If a stranger comes into the house at night – Bark and then point at the fridge. If this is when the usual humans are out, it may be a burglar, but they’re not going to take anything of yours, so why get worked up about it? You’re not one of these common guard dogs, for goodness sake, you’re a lurcher. And there’s always the chance that they’ll look in the fridge themselves and leave the door open.

Commands

The more intelligent humans can be trained to respond to simple commands. Don’t overdo it, as they still have limitations. We suggest some useful starting points:

The short, single bark – Ideal to indicate that you want something right now, not tomorrow or when they’re ready, thank you.
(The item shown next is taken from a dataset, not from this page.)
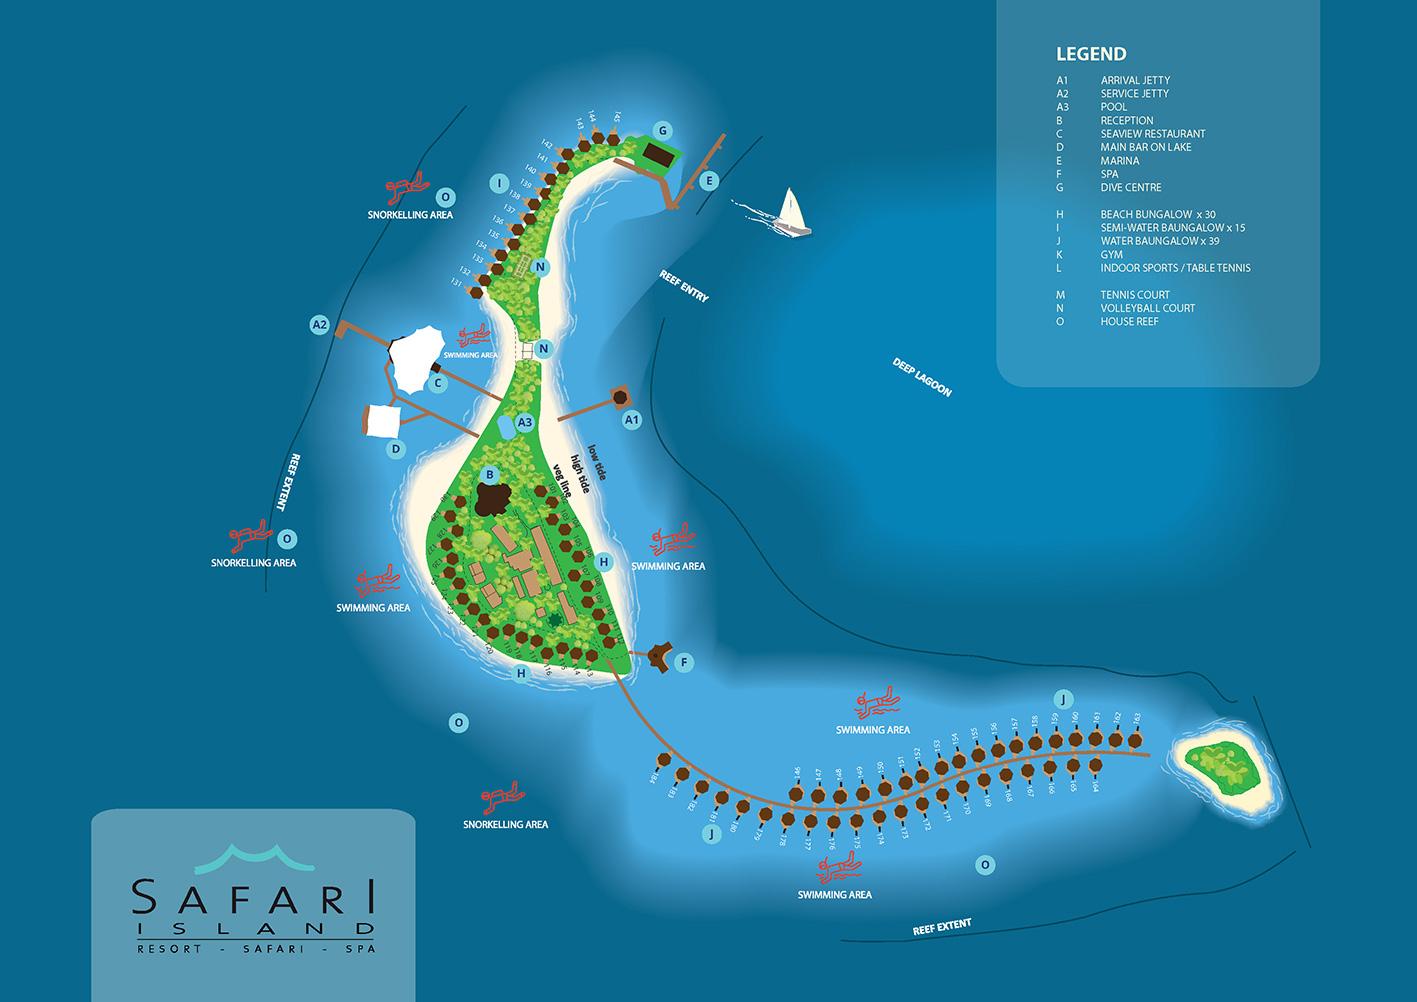 mappa Safari Island Maldive, Map Maldives

Make sure that the bark is abrupt and penetrating. Useful for walks, going outside and food. If ignored, wait until their attention drifts and then do it again suddenly without warning, preferably when they’re carrying something.

The repeated short bark – Used to point out that they ignored the single bark, and that it’s time they got their act together. This can also be used to get the attention of the human pack and say “Gather round, I have something to say to you all.”

The long, penetrating whine – Useful for indicating that you want more attention, your bottom rubbing or a more comfortable place on the sofa. Remember to keep it up for half an hour at least, and try to sound deeply sorrowful, even if all you want is an ear scratch. They will give in eventually.

The low growl – A simple command to go away because you do not intend to get off the bed, give them your bone etc. Self-explanatory. How would they like it if you took their steak dinner? Well, OK, you did, but that’s not the point. They’re not in charge, after all.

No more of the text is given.